End-to-End Audio Visual Scene-Aware Dialog using Multimodal Attention-Based Video Features
This work addresses scene-aware dialog for real-world applications like human-computer interaction, but it is incremental as it integrates existing technologies from dialog systems, VQA, and video description.
The paper tackles the problem of enabling dialog systems to understand dynamic visual scenes by introducing a new dataset of 9,000 video-based dialogs and training an end-to-end model that generates responses, showing that multimodal attention-based video features enhance dialog quality.

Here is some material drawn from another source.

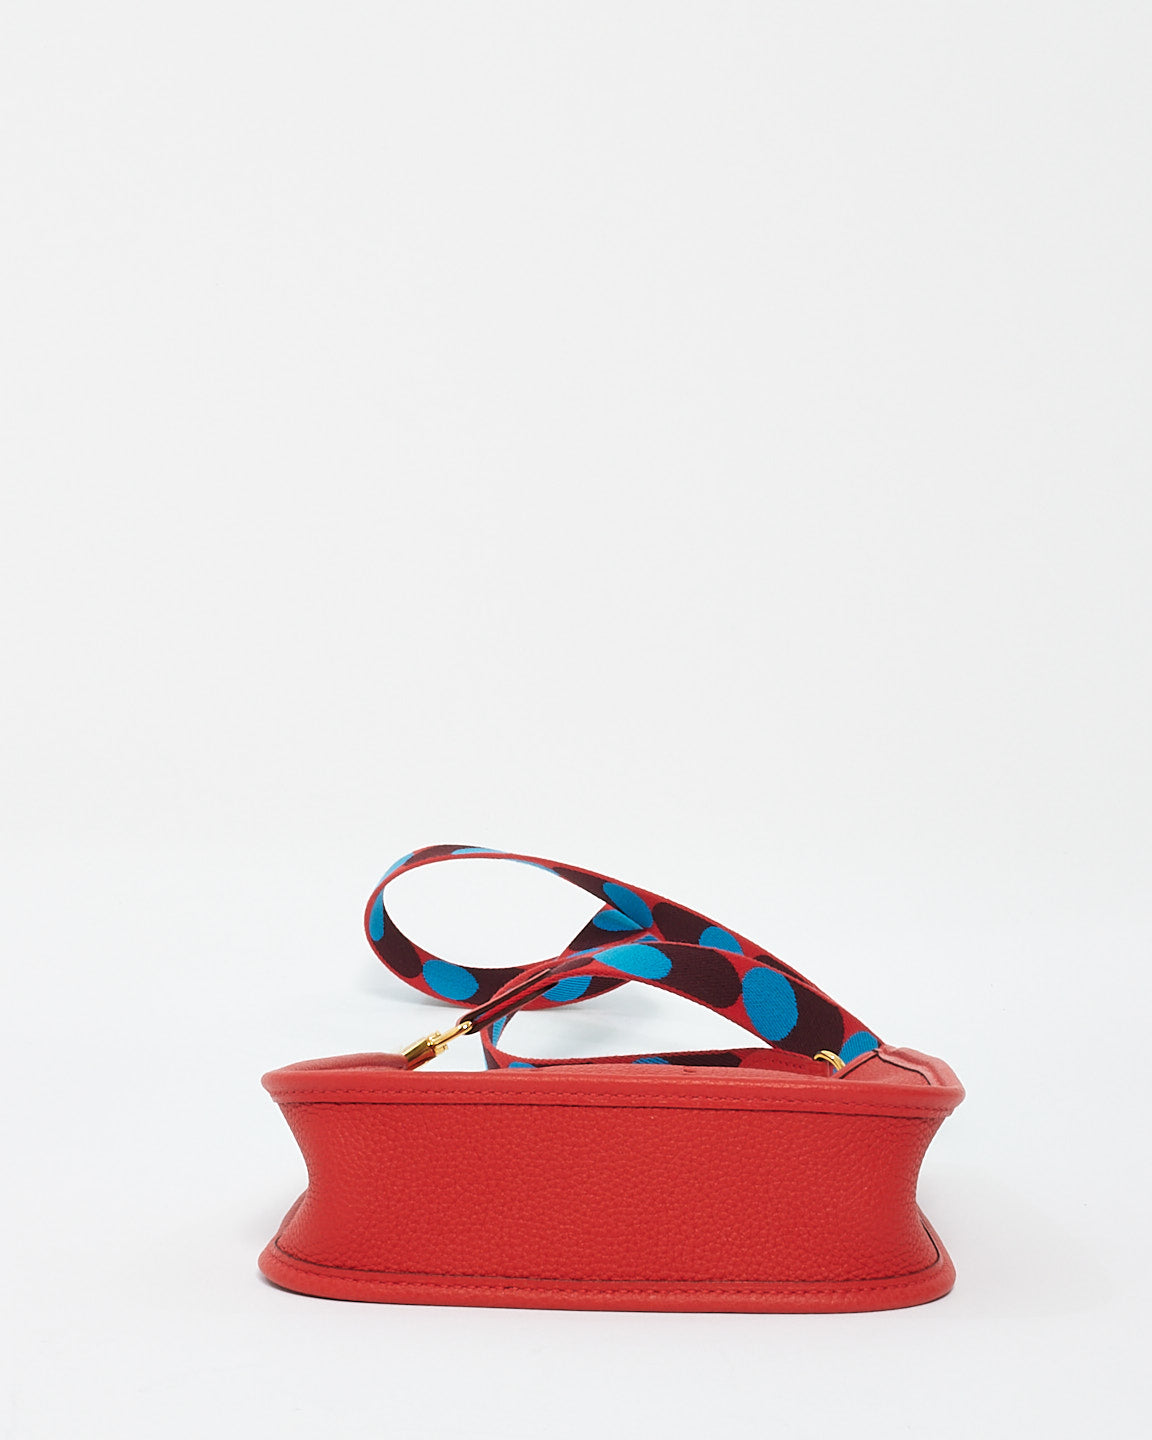 Hermès Coeur Red Taurillon Maurice Leather Evelyne TPM

Dialog systems need to understand dynamic visual scenes in order to have conversations with users about the objects and events around them. Scene-aware dialog systems for real-world applications could be developed by integrating state-of-the-art technologies from multiple research areas, including: end-to-end dialog technologies, which generate system responses using models trained from dialog data; visual question answering (VQA) technologies, which answer questions about images using learned image features; and video description technologies, in which descriptions/captions are generated from videos using multimodal information. We introduce a new dataset of dialogs about videos of human behaviors. Each dialog is a typed conversation that consists of a sequence of 10 question-and-answer(QA) pairs between two Amazon Mechanical Turk (AMT) workers. In total, we collected dialogs on roughly 9,000 videos. Using this new dataset for Audio Visual Scene-aware dialog (AVSD), we trained an end-to-end conversation model that generates responses in a dialog about a video. Our experiments demonstrate that using multimodal features that were developed for multimodal attention-based video description enhances the quality of generated dialog about dynamic scenes (videos). Our dataset, model code and pretrained models will be publicly available for a new Video Scene-Aware Dialog challenge.